= Provincial Airways =

British airline

Provincial Airways was a 1930s British airline that was formed in 1933 to operate a service between Croydon and the South West of England, the routes were never a success and the company closed at the end of 1935. The airlines main operating base was Croydon Airport. The managing director was Flight-Lieutenant Harold Thomas, who was one of the pioneer pilots in the early cross-desert mail services and served in WW1 and WW2 in the Royal Air Force. On the board of directors was Air-Commodore P.F.M. Fellowes D.S.O who led the first expedition to fly over Mt. Everest.

==History==
The company was formed on 12 October 1933 when it took over the assets of International Airlines Limited. International Airlines had attempted to operate a Western Air Express route to carry mail between Croydon, Southampton, Portsmouth and Plymouth using two Monospar ST-4s but the venture failed.

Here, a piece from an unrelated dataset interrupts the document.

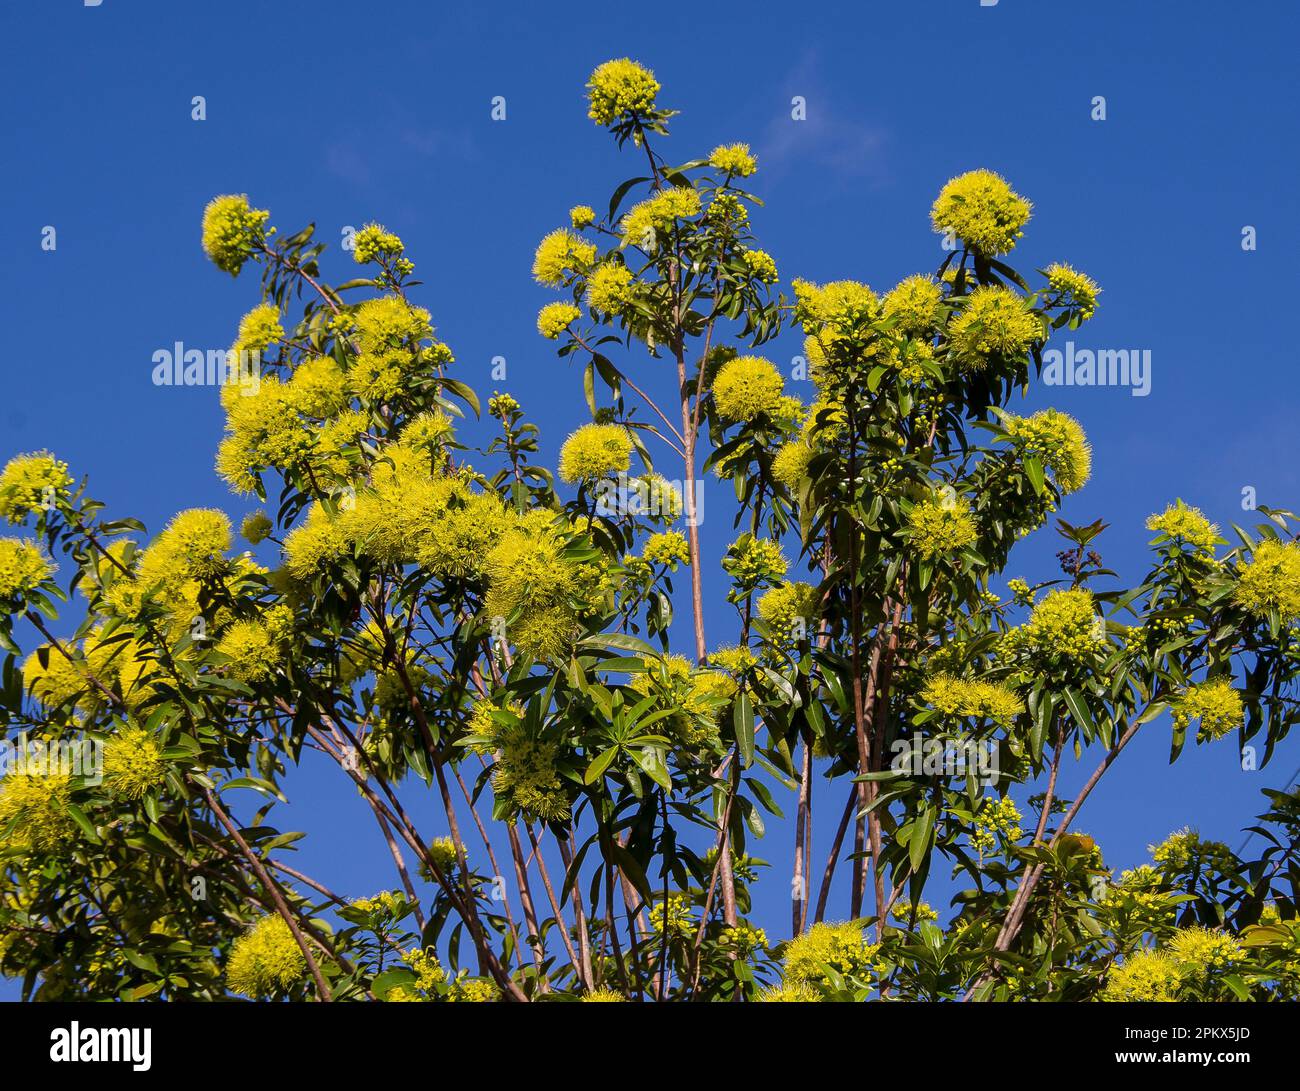 Upper branches of Australian Golden Penda tree (xanthostemon chrysanthus) full of bright yellow fowers against a blue sky. Garden, Queensland, summer. Stock Photo

Provincial were to operate a similar route carrying mail, but in the end only two flights from Croydon to Plymouth with a stop at Southamton and return in November 1933 using De Havilland Fox Moths were carried out. In March 1934 they began a weekday service on the London to Plymouth route still using the Fox Moth which was replaced by the larger De Havilland Dragon in May. By 1935 they were flying a twice-daily service between Croydon and Penzance with stops at Portsmouth, Southampton, Bournemouth, Torquay and Plymouth. In February a new route was started between Plymouth and Hull. But the routes were not a financial success and the company closed on 10 December 1935.